The Seattle-Hong Kong flight turned out to be not that extreme. Ava managed to stay awake long enough to eat dinner and to watch a Hong Kong action film starring Tony Leung and Andy Lau. Then she fell asleep until the flight attendant woke her two hours before landing, to serve her breakfast.
When the plane landed, Ava found HKIA its usual ruthlessly efficient self. She was off the plane and through Immigration, Baggage Claim, and Customs within twenty minutes of landing. She spotted Uncle at the back of the Kit Kat, a plain, square box with round glass tables, metal chairs, and posters of coffee beans on the walls. He had a Chinese newspaper open in front of him and an unlit cigarette dangling from his mouth. Even in Hong Kong there were places where you couldn’t smoke now.
He was tiny, not much taller than Ava, and thin. He was always dressed the same way: black lace-up shoes, black slacks, a white long-sleeved shirt buttoned to the neck. The monochromatic image was part convenience, part camouflage. It made him easy to overlook — just another boring old man not worth a second glance, except to those who knew.
Ava thought Uncle was somewhere between seventy and eighty, but that was as close as she could come to determining his age. Many people meeting him for the first time guessed that he was younger, and not from politeness. His face was fine-boned, with a small, straight nose and a sharply defined chin with a hint of a point; his skin had not begun to sag, and he had only the faintest of wrinkles around his eyes and on his forehead. His hair was cropped close to the scalp; Ava could see streaks of gray, but it was still predominantly black.
“Uncle,” she said.
He looked up from his paper, a smile cracking his face as his eyes fell upon her. She loved his eyes: pitch black pupils and dark chocolate brown irises set in a sea of white that seemed immune to lack of sleep or too much alcohol. They were eyes whose age was indeterminable: lively, curious, probing. Ava had learned rapidly that Uncle’s world was defined through those eyes, not through his words. They could embrace you, mistrust you, detest you, adore you, question you, or not give a damn whether you lived or died. And she knew how to read them in all their subtlety. Ava had seen their many moods, although their darkest intent had never been directed at her. She was part of his unofficial family, after all, the only kind of family he had ever had.

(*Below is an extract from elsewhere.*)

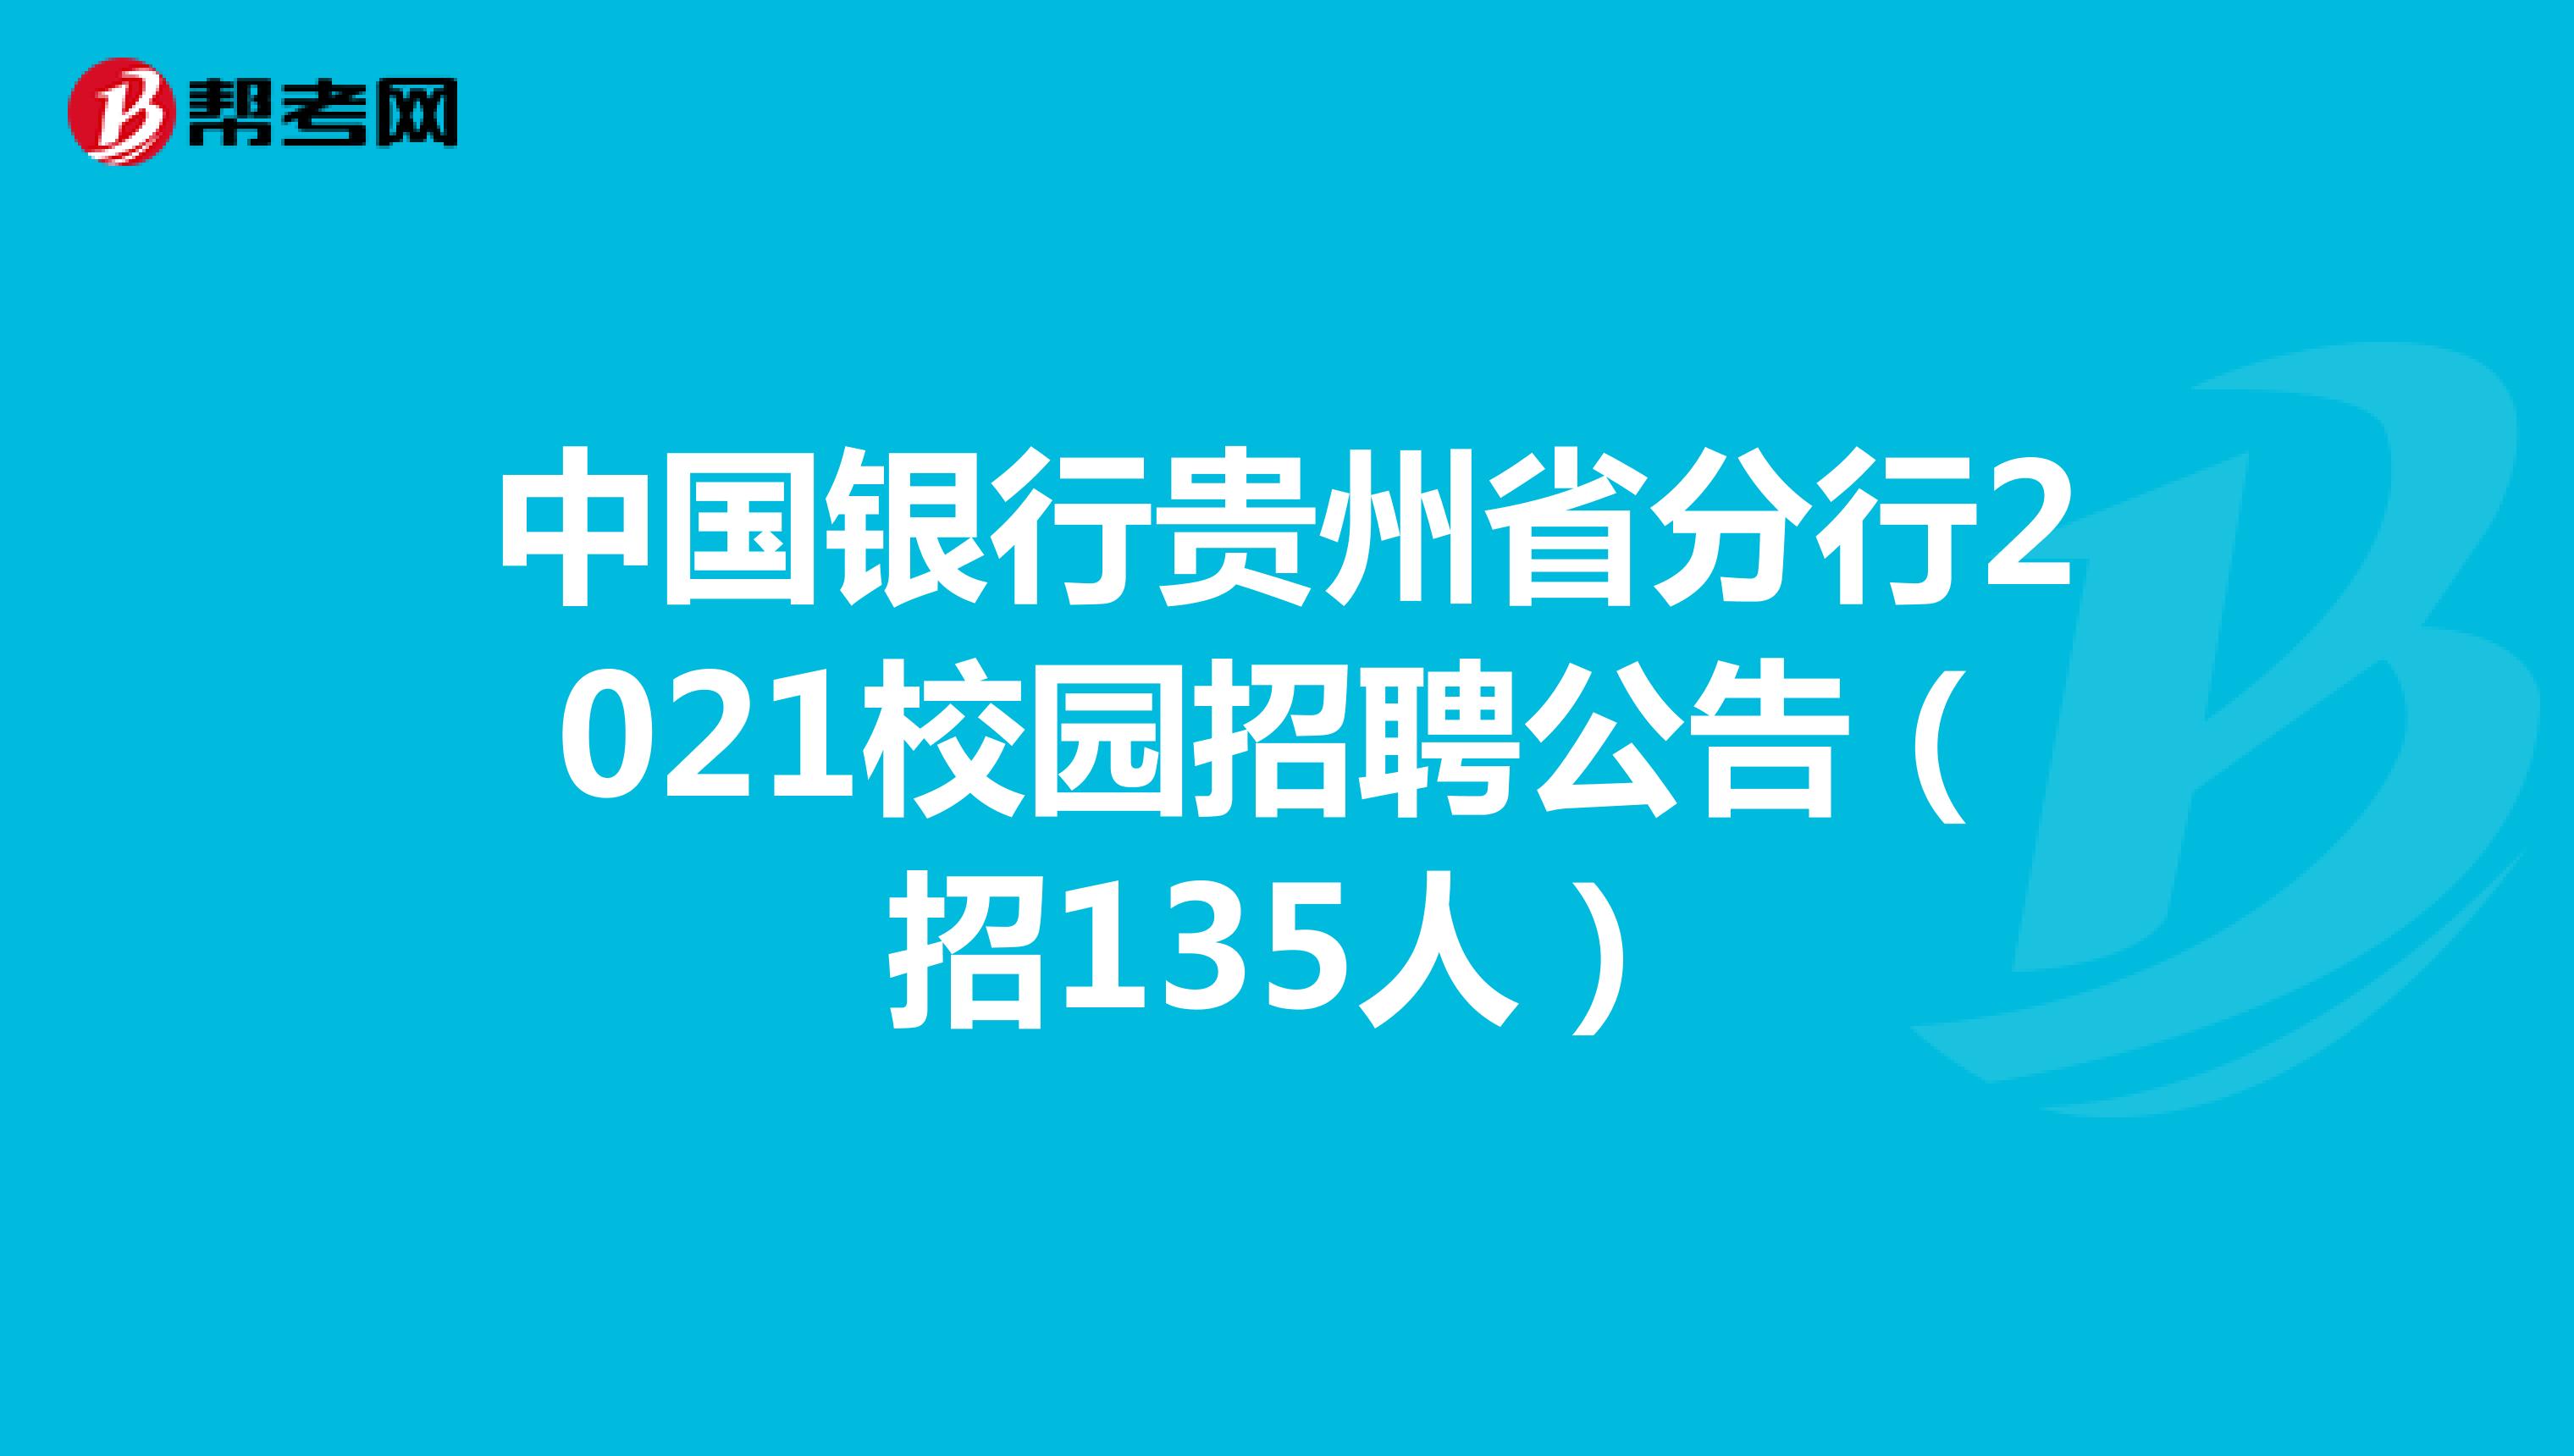 中国银行贵州省分行2021校园招聘公告（招135人）

She leaned down to kiss him on the forehead. “You didn’t have to come,” she said.
“I was eager to see you,” he said. “You’re as beautiful as ever.”
“And you look as young as always.”
He looked around. “I don’t like this place. We’ll go to Central for noodles. Let me call Sonny. I’ll have him bring the car down from the garage.”
They walked through the cavernous Arrivals hall, Uncle’s hand resting lightly on her elbow. Two Hong Kong policemen watched them as they neared the exit. The older of the two nudged the younger and they nodded their heads in Uncle’s direction. Ava saw the movement, looked sideways, and caught Uncle nodding in return.
Sonny was leaning against the front fender of the car. It was new, a Mercedes S-Class.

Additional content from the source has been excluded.